I agree with Marla Singer that social networks and ubiquitous commenting do encourage quantity rather than quality. Even on reputable newspapers' comment systems you often only get a lot of low-quality comments and little to no debate. And while occasionally insightful comments can be found on more quality-focused publications' comment systems, the times I've seen a useful comment on somewhere like YouTube could probably be counted on one hand. I can only think of one site where I routinely read the comments and gain insights from them, and it's a fairly quality-focused site to begin with, with a non-mass-market target audience.

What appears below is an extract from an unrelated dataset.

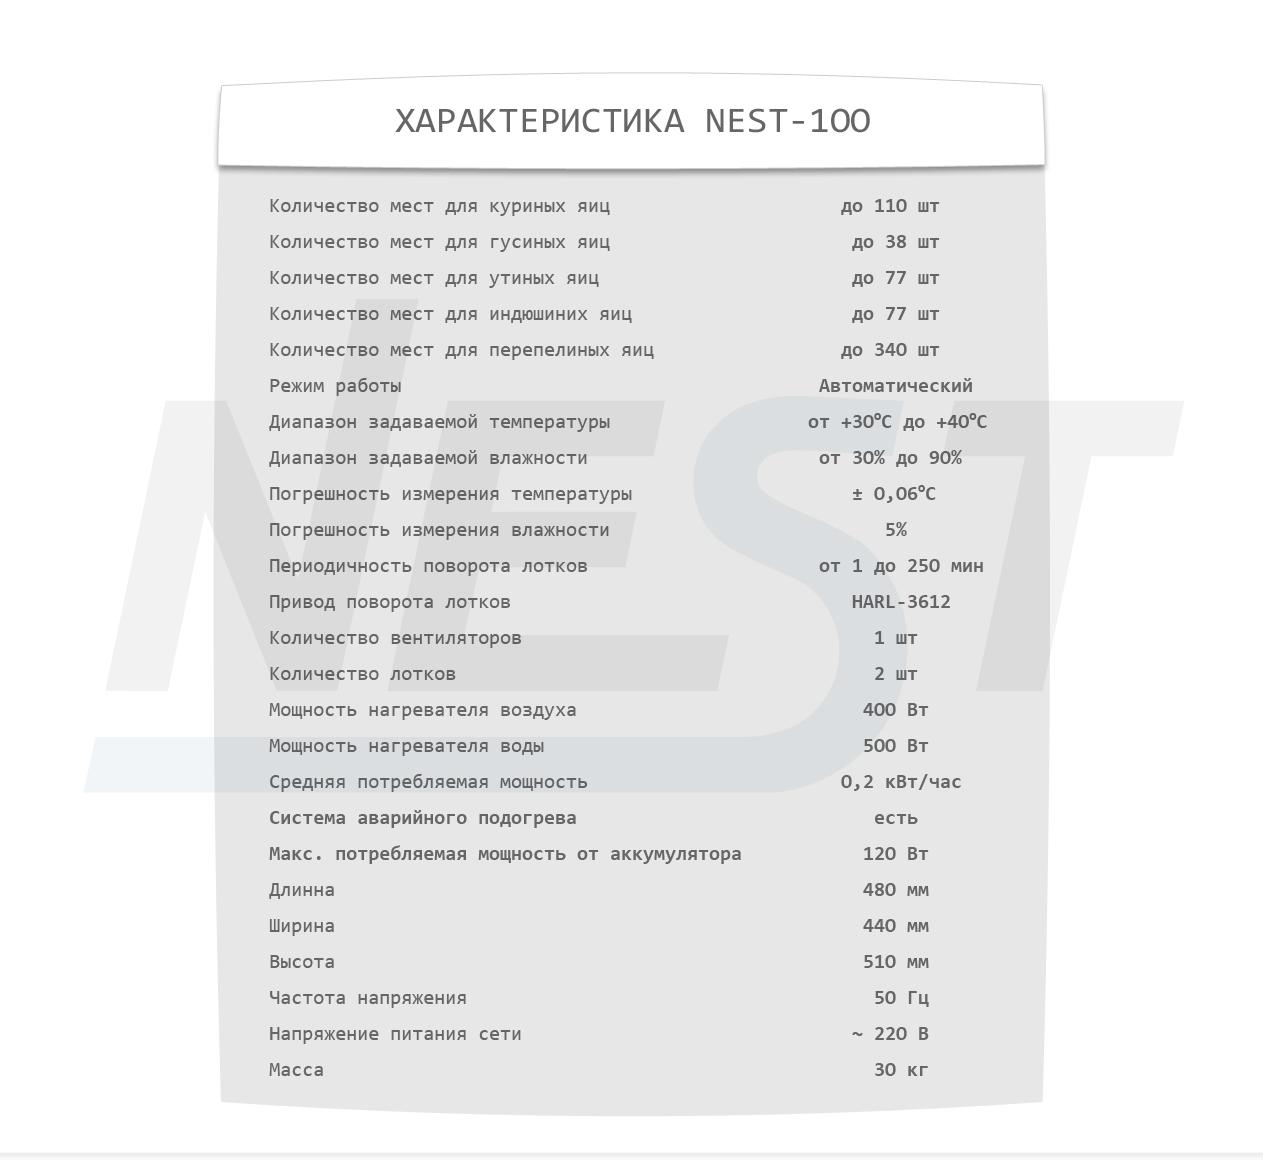 http://купи-инкубатор.рф/images/upload/harakt100.jpg

Perhaps the comment-like, Web 2.0-ish system I've found most helpful personally is Stack Overflow. It's fundamentally a comment-like Q&A system, with a focus on quality and finding the "correct" answer, to the point that most topics that don't have an objective correct answer and locked or removed. Anyone can answer, and while not infallible, it really is a great resource for a programmer.
Arguably, the more advanced aspects of Web 2.0 that have had a more definitive positive impact. Things like Google Docs for collaborative document creation (and it's more cool when two people are simultaneously editing a document), interactive charts and documents on news sites, collaborative wikis with rich document-creating abilities for the workplace, and so forth. It's somewhat a question of how you define Web 2.0 as well. Are Internet radio and TV sites Web 2.0 since they would've been difficult or impossible to do well in the late '90s, or are they Web 1.0 since they generally don't have much active user interaction? If you define Web 2.0 by the technologies that allow more functionality, the advances are more compelling than if it's just user contribution.
If you define it by user contribution, there's also the question of what the cutoff is. CFC does allow a fair amount of user interaction, after all - forums, uploads/downloads, some degree of file storage, and, though poorly utilized, social groups and a Wiki. So is it Web 2.0, or Web 1.5? And there have been forums and BBSs long before CFC.
Still, many of the times I'm most fascinated with things on the Internet these days remain when I discover a Web 1.0 site that's a bastion of hidden in-depth knowledge. Other times it's exploring obscure corners of the Internet - finding some low-traffic FTP server with an abundance of old files straight from the '90s, for example. While I came to the Web too late to experience its early iterations, there's something satisfying about the uncommercialized, knowledge and sharing focus of those old sites.
And I'm okay with CFC being perpetually in 2007. That was when I joined the site, and it's a small comfort that it's almost the same now as it was then. True, it probably does need to change some over time to remain relevant, but as one of the few sites that's kept me coming back for 7+ years, it's doing something right as-is.
------------
Edit: I found another site like I mentioned in the second-to-last paragraph today, and nerd-sniped myself fairly well in the process. Went to dmoz.org and dug into their human-maintained web directory, since search engines aren't great at finding completely non-search-optimized old websites. Found a plain-old Web 1.0 HTML with no comment abilities nor JavaScript, nor I believe any CSS, but great content. Kept following links. Hard to beat a 15-year-old website about topics you're interested in, even if it does look like it's from 1999.